B. The NLRB “Friends” Social Media Policies
It is not all doom and gloom from the NLRB these days. Contrary to what some were saying a few months ago (perhaps in an attempt to drive traffic to their blogs?), the NLRB has indeed seen an employer social media policy that it likes. You may recall that back in February 2011 when the original “Facebook firing” case settled, some opined that the NLRB was on a warpath against all employer attempts to regulate employee online speech. My view was and remains that this was simply not the case, and that employers could look to NLRB precedent for guidance on how to draft a social media policy that can survive NLRB scrutiny. See Demystifying the Facebook Firing Case. Well, on August 18, 2011, the Acting General Counsel of the NLRB released a report on the various social media cases the NLRB has handled, and the report confirms that the NLRB is primarily concerned with employer social media policies that are too broad, and consequently create a chilling effect on employee concerted activity. It is well worth a read, and will give social media policy drafters valuable guidance on language and context. You can find it here.

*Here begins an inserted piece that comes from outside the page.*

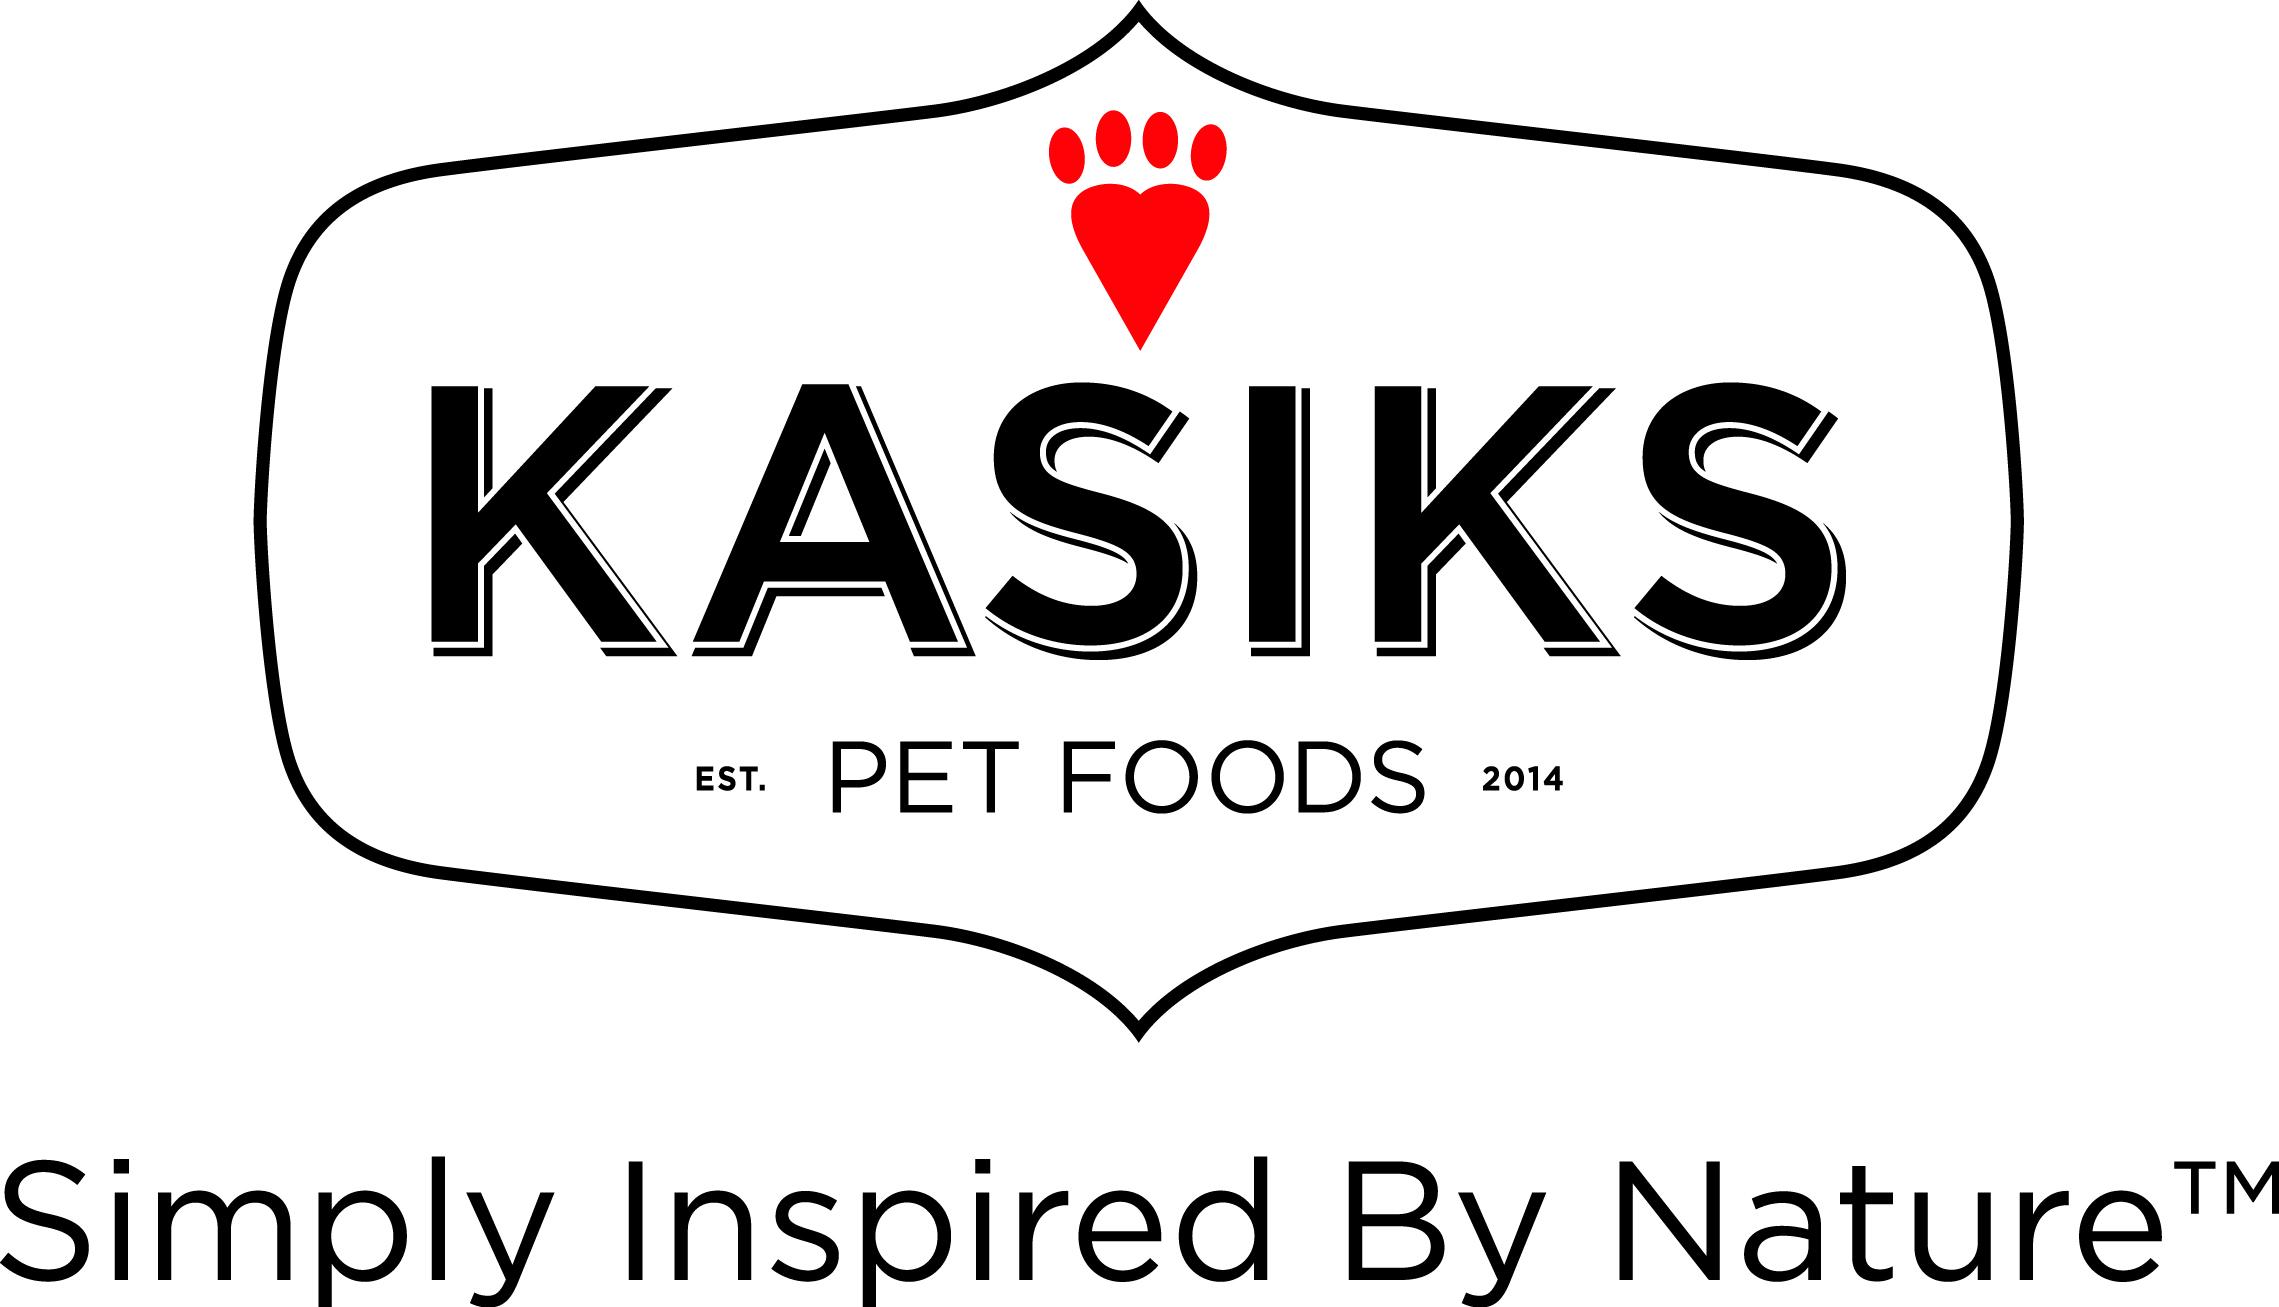 KASIKS Logo Image

Some quick notes re immigration developments. On the employment front, the push for federal legislation mandating E-verify use nationwide has come into unexpected resistance from conservative and tea party groups. Immigrant’s rights groups and agricultural employers have long opposed such legislation. It is unclear what effect, if any, this new opposition will have on the legislation. http://www.marketwatch.com/story/e-verify-facing-unexpected-opposition-from-conservative-taxpayer-tea-party-groups-media-campaign-launched-today-with-first-national-ad-letter-to-congress-2011-09-15
News on deportations and removals is that the Obama administration, via the DHS, has announced that prosecutorial discretion will be used to prioritize certain cases for removal proceedings, over others. DHS will consult a long list of factors before deciding whether to seek removal or deportation of any given immigrant. Presumably, this was done in response to growing concern over how the Secure Communities (S-Comm) program has been applied, versus its announced objectives. Apparently, people with minor infractions were being deported in large numbers, despite the government assertion that S-Comm was intended to remove immigrants with serious criminal histories.